First of all, I should start out by sending a big shout out to Mr. Len from the group Roosevelt Franklin, who showed up in the comments of my post yesterday about his free rap album Bare Food and offered what prominent hip-hop journalist Oliver Wang likes to refer to as “context.”

Thanks, Lenny.

I was a big fan of Company Flow as a child, and once reviewed a solo album (er, shameless repackaging of Funcrusher Plus) he did on my own site way back in its infancy. Never would I have guessed he would actually have the free time to comment on one of my posts.

I suppose that’s the magic of the Internet.

Moving on, a question was recently put forth by one of my esteemed colleagues as to why shitty southern rap – crap hop, if you will – is currently dominating other forms of hip-hop commercially. It was suggested this might have something to do with unity between southern artists.

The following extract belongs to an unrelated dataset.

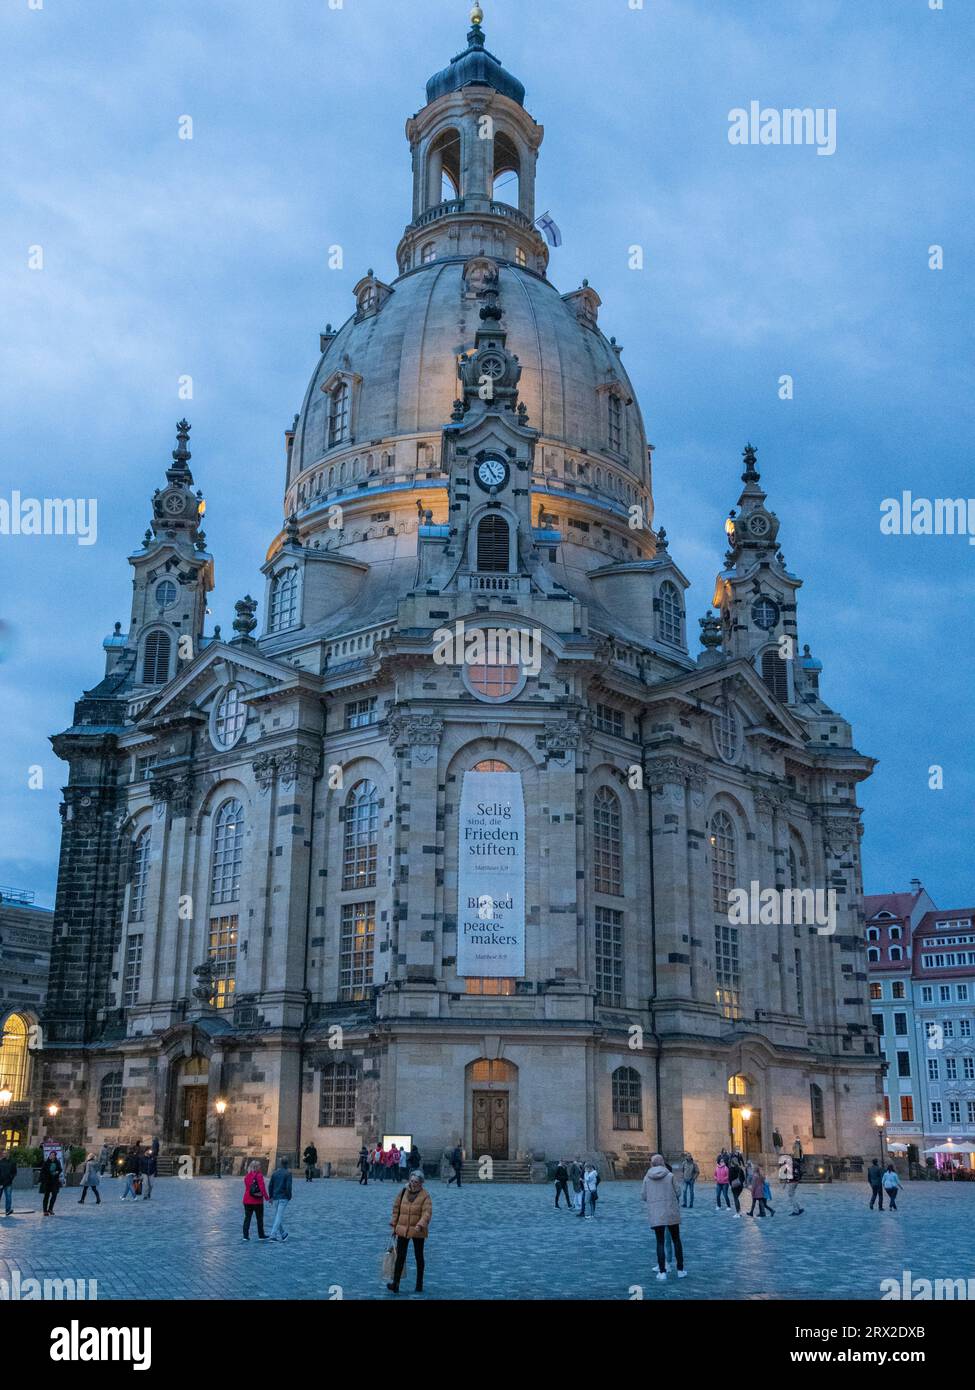 La Frauenkirche de Dresde (Iglesia de Nuestra Señora), una iglesia luterana reconstruida entre 1994 y 2005, Dresde, Sajonia, Alemania, Europa Foto de stock

You see, a southern rapper, especially Bun B, will show up in a video for one of his fellow southern rappers. This shows that Bun B believes in his fellow crappers, and in turn causes today’s youth to go out and buy these albums. Because young people – the MySpace Generation, as scholars are calling them – have a keen sense of social connections.

New York rappers, meanwhile, do nothing but argue back and forth with one another as if they were a bunch of women. If I wanted to see dumb women argue all day, I’d work more hours at my low-paying job. Some of the girls there are rather attractive, and one has ridonkulously large boobs. And almost all of them happen to be in that perfect age range.

This seems a plausible enough theory, but I’d hasten to add that nothing goes on in hip-hop these days without Jimmy “Double Fantasy” Iovine – the real President of Def Jam – signing off on it. Southern hip-hop is on top right now primarily because the tall Israelis that run hip-hop put it there.

Think about it: Mike Jones rap, though it had been around since the mid ’60s, was just beginning to become a commercial force in early 2005. The Academy Award-winning film Hustle & Flow was in theaters no more than 5 months later. Common sense should tell us that the production cycle for the average Hollywood film is about 3 years.

Could it be that Mike Jones rap was part of some corporate marketing plan as early as 2001? SquareEnix’s incredible Final Fantasy XII has been in production since I was in the 11th grade. These things don’t just happen.

But that was last year. This year’s proverbial new ska is snap music, led by Dem Franchize Boyz, whose debut album We Got Our Own Thing is currently burning up the chats. Lo and behold, I go to the movie theater the other day to see Dave Chappelle’s Black Party, and damnit if there wasn’t a trailer for some Atlanta-based “gritty urban drama.”

I suppose that was just a coincidence.